# Chat room?



## superluvrgurl

I was just thinking that it would be nice if we had a chat room on our forum. Just wondering what other people thought about it


----------



## sweetrsue

That kind of sounds like fun!


----------



## superluvrgurl

I know that phpbb offers a chat that can be intergrated into forums. I think it would be cool to be able to chat in real time. Here is a link to the php download, which is free: http://www.phpbb.com/community/viewtopic.php?f=16&t=157184

I am not sure who the creator of the site is but it might be something useful.


----------



## Katta

http://www.123flashchat.com/vBulletin_chat.html integrates with vBulletin 
________
Spice Weed


----------



## atvchick95

we just had this discussion on Talk budiges and a member brought up gabbly , you put www.gabbly.com in front of the website and then it refreshes the page and a window pops up and every one on the same page that does it enters chat 

they used it for a few days before adding a actual chat room 

gabbly can be used on any website (i've tried it on myspace :d)

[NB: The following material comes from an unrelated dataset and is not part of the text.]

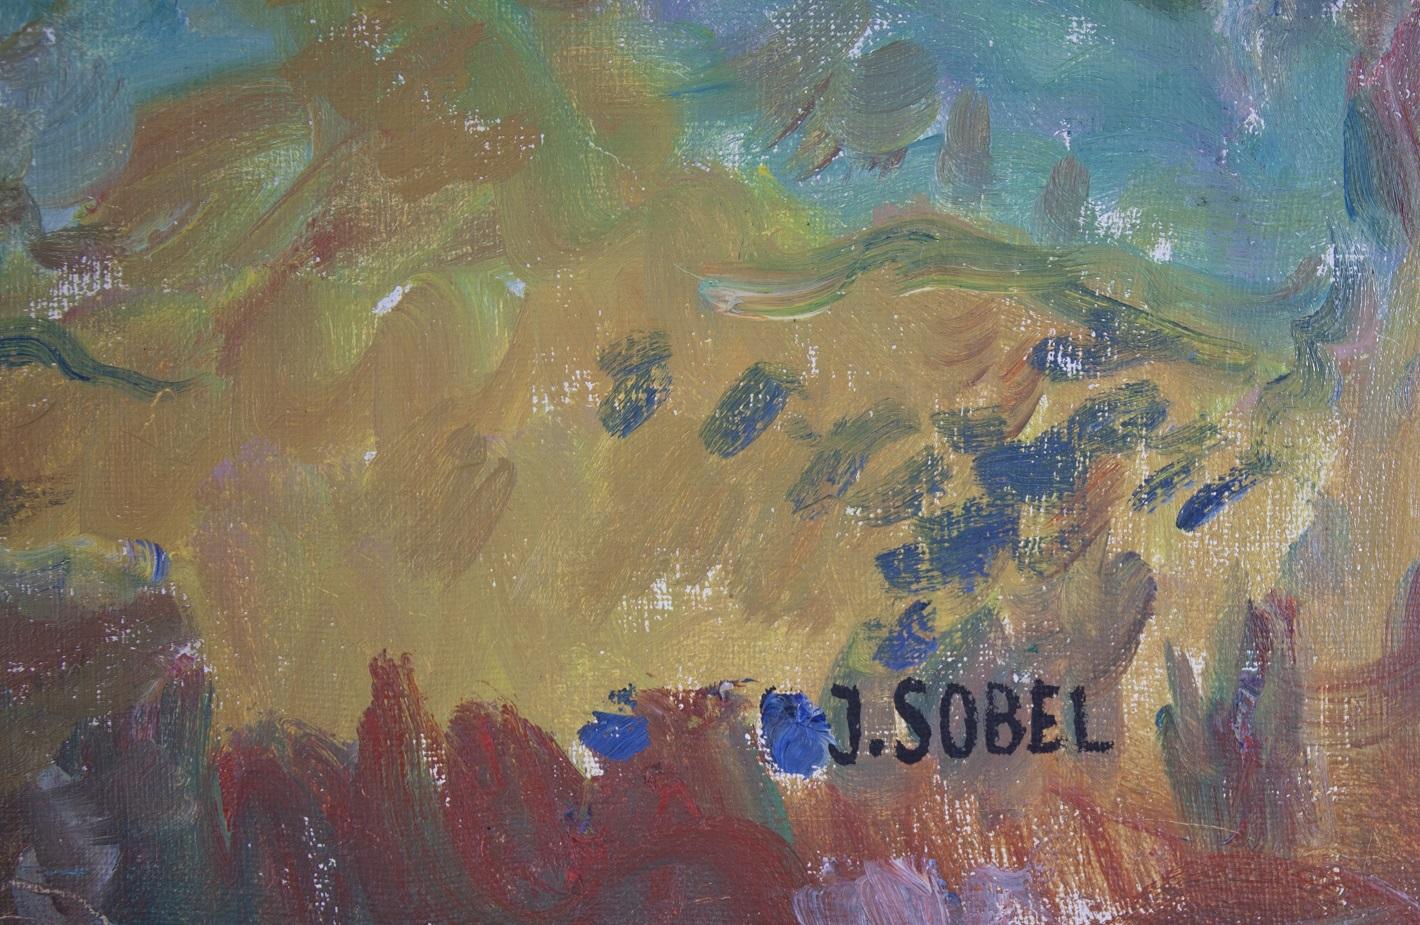 Sobel Judyta (1924-2012), Pejzaż

its not montiored, you can't change font colors, and there are no smilies but i liked it 

to use it here it would be http://www.gabbly.com/talkcockatiels.com

that is from the homepage, in order to get every one in the same chat, They'd all have to do it from the same page, So if every one is on "Chit Chat" then just add "www.gabbly.com"after the "//" but before "talkcockatiels.com 

Then when the screen pops up beside "Name" you can put in your screen name/ real name etc. other wise you'll use the defult gabbly with numbers


----------



## Bea

The thing that would worry me about a chat room is that it cannot be censored, and things could be said that might cause trouble for members or the forums in general. I wouldn't feel comfortable making the decision to add a chat room without talking to Dave first.


----------



## NinjaBird

Well all i know is since the chatroom has been brought up on TB i have yet to be able to log on to that forum.


----------



## atvchick95

I know on talk budgies, dave said all the forum rules apply in chat as well 

and now they have a speicific chat program so it is now monitored


----------



## xxxSpikexxx

Iam happy with how we all can chat (post) on here


----------



## NinjaBird

Hey can someone please tell Dave on TB that a bunch of people are having issues accessing the forum because it says the server is too busy. 

Thanks.

I tried messaging him here about a week ago and he stil hasnt messaged me back.


----------



## JaspersMomma

I would like to bump this? Not sure if it's been finalized.


----------



## Pamela79

Kinda sounds amazing


----------